VII. Provocation Instruction
Even where heat of passion does not mitigate a murder to manslaughter, it can negate premeditation and deliberation so as to require a finding of second-degree, rather than first-degree, murder. (People v. Johnson (1993) 6 Cal.4th 1, 42-43; People v. Wickersham (1982) 32 Cal.3d 307, 330, overruled on another point in People v. Barton (1995) 12 Cal.4th 186, 200-201; People v. Thompkins (1987) 195 Cal.App.3d 244, 251.) The trial court alluded to this concept in its instructions below, telling the jurors that to find defendant guilty of first-degree murder, it must find that the intent to kill was “formed upon pre-existing reflection and not under a sudden heat of passion or other condition precluding the idea of deliberation . . . .” (CALJIC No. 8.20; see CALCRIM No. 521 [“A decision to kill made rashly, impulsively, or without careful consideration is not deliberate and premeditated”].) Defendant contends, however, that trial counsel was ineffective for failing to request a further pattern instruction explicitly linking this concept to provocation: “If the evidence establishes that there was provocation which played a part in inducing an unlawful killing of a human being, but the provocation was not sufficient to reduce the homicide to manslaughter, you should consider the provocation for the bearing it may have on whether the defendant killed with or without deliberation and premeditation.” (CALJIC No. 8.73; see CALCRIM No. 522 [provocation “may reduce a murder from first degree to second degree”].)

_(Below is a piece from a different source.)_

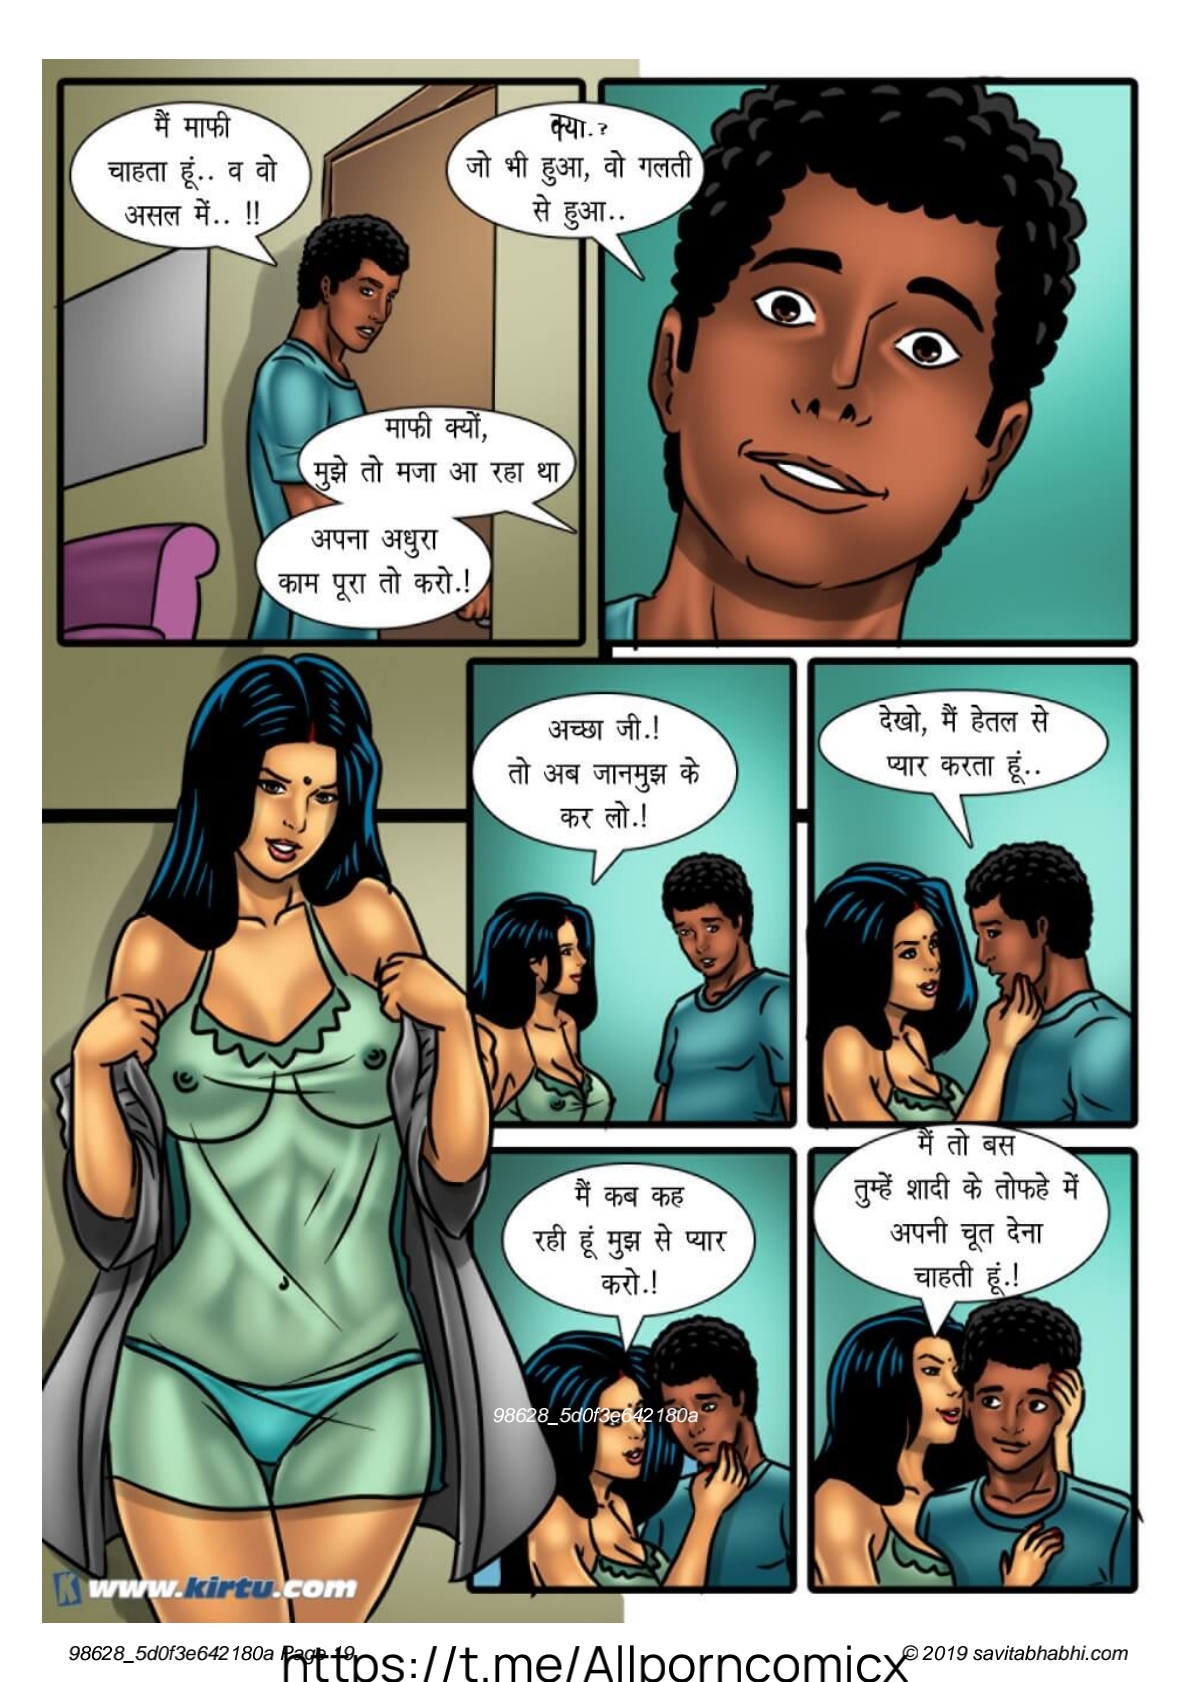 savita bhabhi, savita bhabhi comics, Savita Bhabhi Cartoon, porn comics, .....

Our disposition of this argument is anticipated by our treatment of the previous point. The only hint of provocation was one witness’s passing characterization of the killer and the victim as two people upset at each other—a characterization promptly and vividly contradicted by the same witness’s further description of what he saw. For that reason, the cited instruction would have added nothing to the jury’s comprehension of the case, and its omission can have had no effect on the outcome. Again, the notion of people “upset” may suggest heat of passion, a subject placed before the jury by the instructions given. But it does not suggest provocation, a subject on which there was no evidence here, and no realistic possibility of a finding in defendant’s favor.
VIII. Cumulative Error
Defendant contends that even if we conclude that no one error was sufficiently prejudicial to justify reversal, the numerous errors he identifies had the combined effect of denying him a fair trial. We cannot accept this view. First, we have rejected most of defendant’s claims of error because they rest on the supposed ineffectiveness of counsel, a phenomenon not disclosed by this record. We are not persuaded that the remaining errors, singly or in combination, affected the outcome.
IX. No-Contact Order
In a companion battery case, which is also the subject of this appeal, the trial court directed defendant to “have no contact with the victim directly or indirectly or through third parties.” Defendant correctly contends that the trial court had no power to make such an order, and respondent concedes that it should be stricken. Accordingly, we will direct a modification of the judgment. (See People v. Stone (2004) 123 Cal.App.4th 153, 158, 159.)
X. Attorney Fees
In sentencing on the battery matter, the court directed defendant to pay $700 toward the cost of his attorney. As defendant points out, such an order is proper only after a hearing on the defendant’s ability to pay, and a finding that he can pay. (Pen. Code, § 987.8, subds. (b), (e).) Neither of these requirements was satisfied here. Defendant also contends that there is no evidence from which an ability to pay might be found. Respondent concedes the error. Accordingly, we will direct a modification to strike the order subject to conducting a hearing on defendant’s ability to pay. (See People v. Viray (2005) 134 Cal.App.4th 1186, 1217-1219, and People v. Lopez (2005) 129 Cal.App.4th 1508, 1536-1538.)
XI. Restitution Fines
The court also ordered defendant, in the battery matter, to pay a restitution fine of $1,200 under Penal Code section 1202.4, subdivision (b)). Defendant contends that this figure represents an erroneous application of the statutory formula, which suggests that the fine be calculated as “the product of two hundred dollars ($200) multiplied by the number of years of imprisonment the defendant is ordered to serve, multiplied by the number of felony counts of which the defendant is convicted.” (Pen. Code, § 1202.4, subd. (b)(2).) Defendant’s essential contention is that because he was sentenced to 2-2/3 years on the battery charge, the sum of $1,200 “represented either a math error or a ‘rounding up’ of the formula amount because, using the formula set forth in the statute, $200 multiplied by two felony counts multiplied by 2 years and 8 months (2.67 years) equals $1068. Thus, the fine imposed by the trial court's calculation was $132 more than that under the statutory formula.” Acknowledging that no objection was lodged against the court’s calculation, he asserts that counsel rendered ineffective assistance in that regard, and that the court would probably have assessed a lower fine “if trial counsel had objected to the ‘rounding up . . . .’ ”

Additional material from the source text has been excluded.